Energy companies will also benefit, following the lifting of a moratorium on licences for shale gas development. Meanwhile, there will be significant opportunities, especially for Chinese state-owned enterprises that have recently made high-profile visits to South Africa, to acquire divested assets in the platinum and gold mining sector as large mining houses withdraw from South Africa.

According to government reports, the South African government will have spent R860-billion on new infrastructure projects in South Africa between 2009 and March 2013. In the energy sector, Eskom had put in place 675 kilometers of electricity transmission lines in 2012, to connect fast-growing economic centers and also to bring power to rural areas. More than 200 000 new households were connected to the national electricity grid in 2012. Construction work is also taking place in five cities including Cape Town, Port Elizabeth, Rustenburg, Durban and Pretoria to integrate different modes of transport.

Business Climate

Due to South Africa’s well-developed and world-class business infrastructure, the country is ranked 35th out of 183 countries in the World Bank and International Finance Corporation’s Doing Business 2012 report, an annual survey that measures the time, cost and hassle for businesses to comply with legal and administrative requirements. South Africa was ranked above developed countries such as Spain (44) and Luxembourg (50), as well as major developing economies such as Mexico (53), China (91), Russia (120), India (132) and Brazil (126).
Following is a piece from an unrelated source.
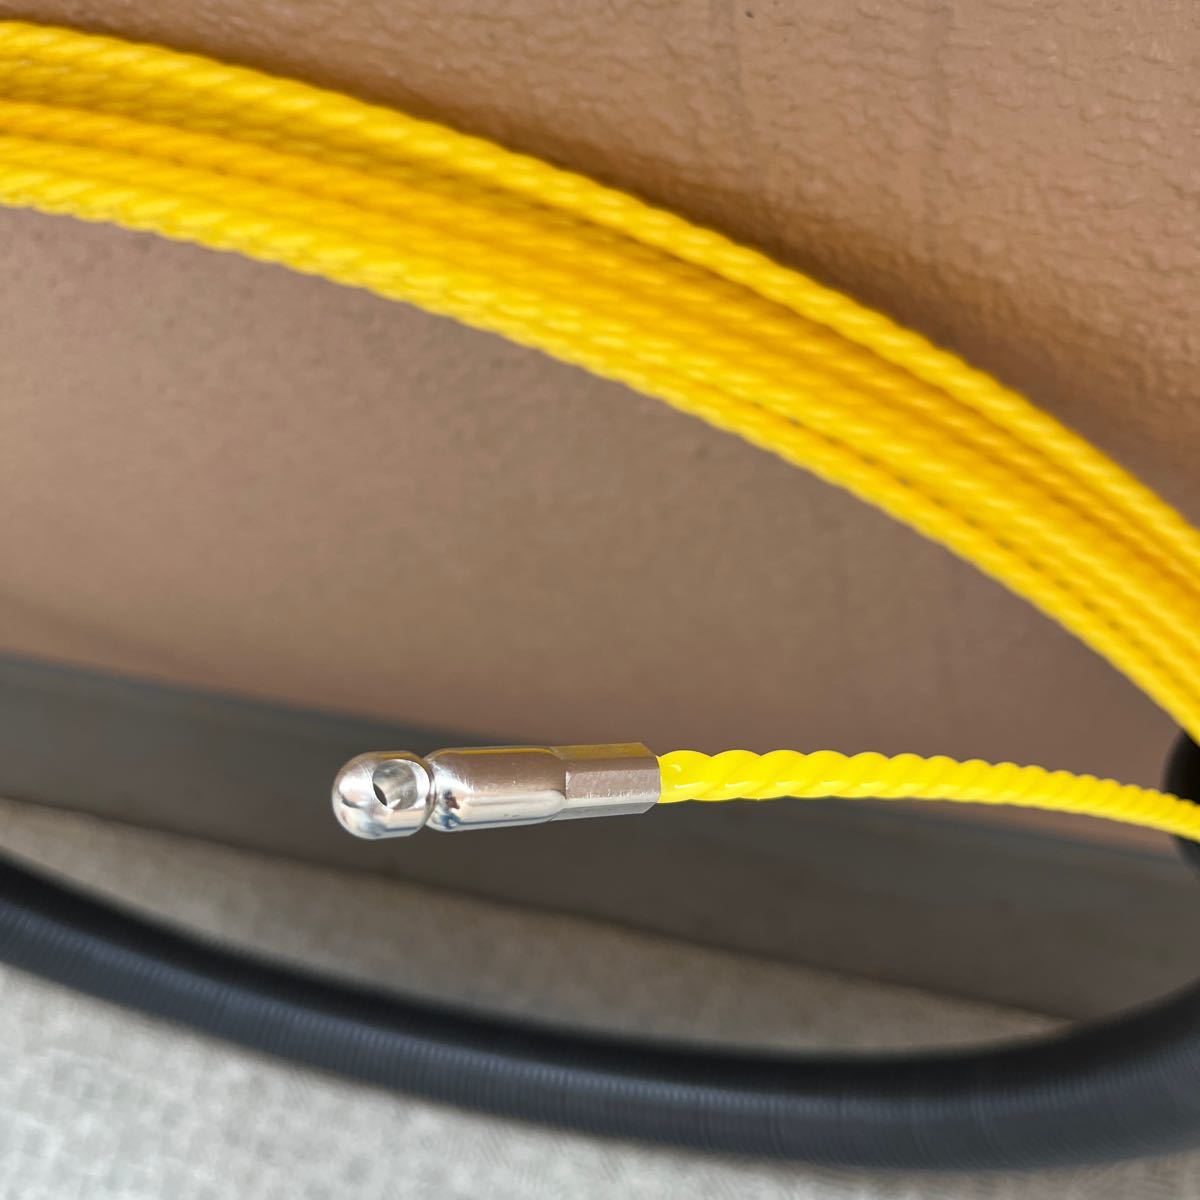 通しワイヤー 通線ワイヤー 通線工具 電線通し ロープ通し 紐通し 入線 呼線 ホース通し 配管通し 線径3.7mm 結束ワイヤー 付属 30ｍ 送料無料

The report found South Africa ranked first for ease of obtaining credit. This was based on depth of information and a reliable legal system.

Foreign trade

SA’s trade deficit narrowed to R 2,7-billion in December from R7,9-billion in November on account of seasonal factors. The trade balance usually records a surplus in December due to a large decline in imports. Exports declined 9,8% over the month. The decrease was mainly driven by declines in the exports of base metals. Vehicles, aircraft and vessels (down R1,1-billion), machinery and electrical appliances (down R0,9-billion) and prepared foodstuffs, beverages and tobacco (down 0,8-billion). Imports dropped 15,8% m-o-m.

Declines in the imports of machinery and electrical appliances (down R3,3-billion), original equipment components; (R1,8-billion), products of the chemicals or allied industries (R1,5-billion) and base metals and articles thereof (R1,2-billion) were the main drivers of the drop.

The large trade deficit for 2012 is one of the major reasons for the deterioration in the 2012 current account deficit forecast to 6,2% of GDP from 3,3% in 2011. South Africa’s trade performance will remain weak in the coming months on the back of unfavourable global conditions and domestic supply disruptions. Weak global economic conditions will continue to influence exports and growth domestically.

Skills and education

The need to transform South Africa’s education system has become ever more urgent, especially given the service delivery issues that have plagued the system. While government continues to allocate a significant amount of its budget to education (approximately 20%), it has not been enough to transform the schooling system. Coface expects the government to continue to support this critical sector, but that an opportunistic private sector will take advantage of government inefficiencies.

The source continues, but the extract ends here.